Иные работники ОГПУ и на лошади-то не сидели, однако носили чисто кавалерийскую одежду — форма есть форма.
— Я сделал ошибку, Березин, — признался следователь Колодкин. — И вынужден пока вас освободить. Но только не сейчас, а утром. Утром вас встретит жена и отвезет домой… Кстати, я знаком с вашей матушкой. Судьба свела нас года два назад. И должен сказать, она ведет себя достойнее, чем вы.
— Где она? — спросил Андрей.
— Там, где вы все должны быть! — отчеканил Колодкин. — Она на перековке, строит Беломорско-Балтийский водный путь. Думаю, вы скоро с ней встретитесь. Там, на канале… Да, я сделал ошибку и не прощу этого себе.
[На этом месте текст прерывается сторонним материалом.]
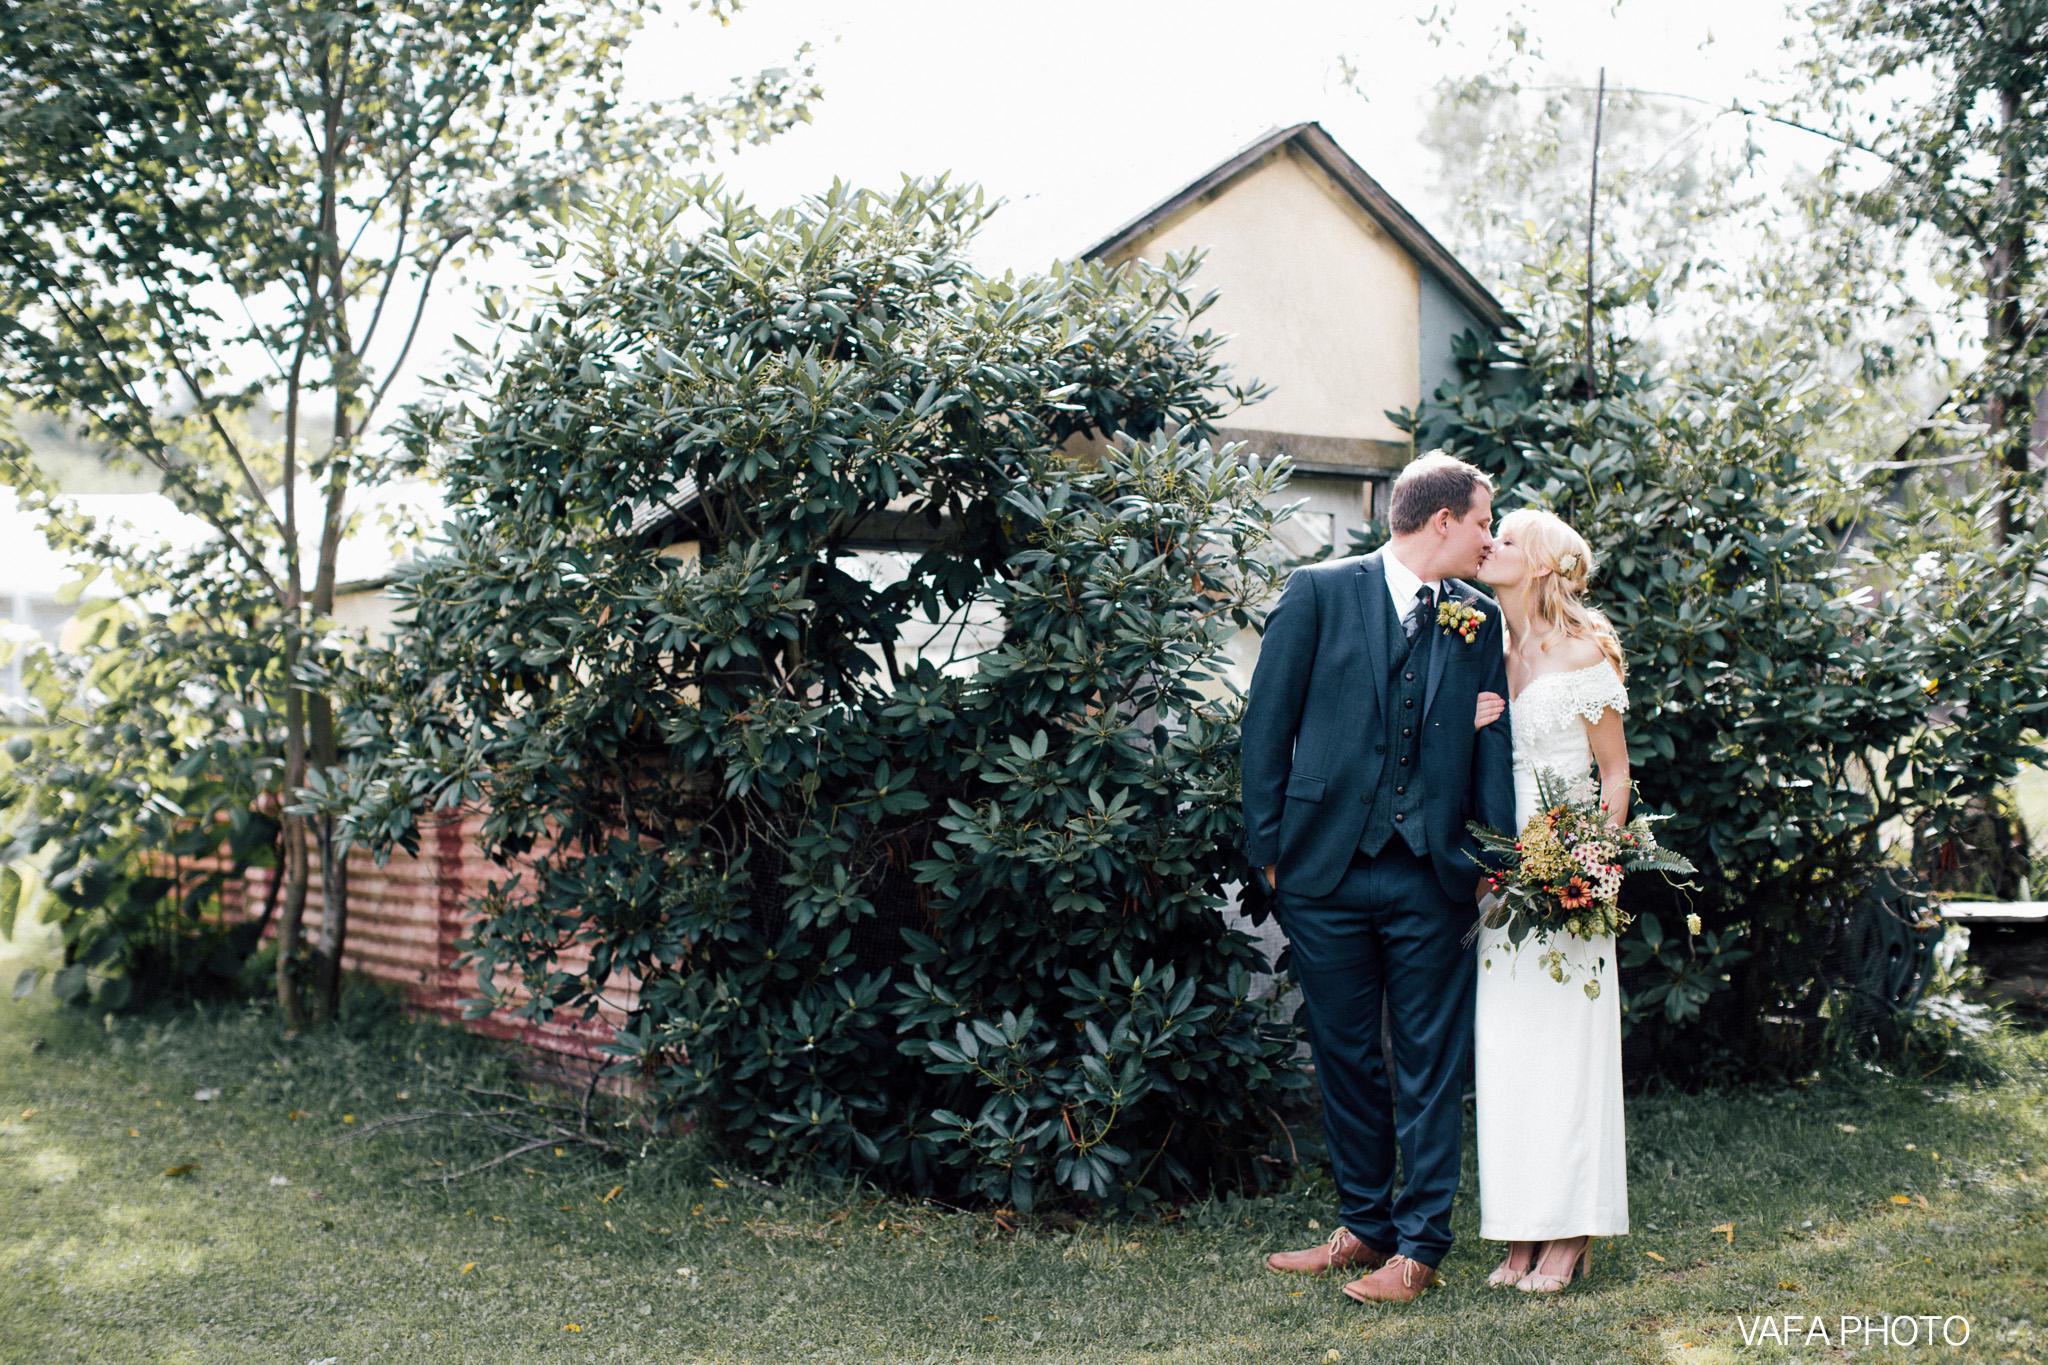 Belsolda-Farm-Wedding-Christy-Eric-Vafa-Photo-211.jpg

— Вы не ошиблись, — выдавил Андрей. — Вы арестовали врага… Я ваш враг!
— Да вы не поняли меня, — поморщился Колодкин. — Моя ошибка в том, что надо было расстрелять сразу, а потом доложить в Красноярск.
— Еще не поздно, — сдерживая кашель, проронил Андрей. — Все в ваших руках.
— Я подумаю, — бросил он. — До утра время есть.
Андрея вернули в изолятор. Несмотря на глубокую ночь, никто не спал. Бывший партизан из отряда Андрея встретил его у двери, схватил за руки, забормотал:
— Что с нами сделают? Чего сказали?..
Он по-прежнему не узнавал командира; Андрей же не мог вспомнить его имени. Помнил его жену, детей и даже трехзарядную берданку на плече — имя вылетело из головы.
— Должно быть, выпустят, — проговорил Андрей: его трясло, наваливалась сонливость и усиливался жар.
— Отсюда не выпускают, — горячим шепотом произнес тот. — Говорят, если попал сюда — дорожка одна…
— Хочу спать. — Андрей отбросил его влажные руки. — Не мешай…
Он повалился на нары, и тусклый свет померк, словно выдутый сквозняком.
Утром его растолкали. В камере была суматоха. Четверо стрелков скручивали руки тем двоим сокамерникам. Они уже были раздеты до исподнего. Стрелок с заиндевевшей винтовкой содрал кожух с Андрея, пихнул прикладом.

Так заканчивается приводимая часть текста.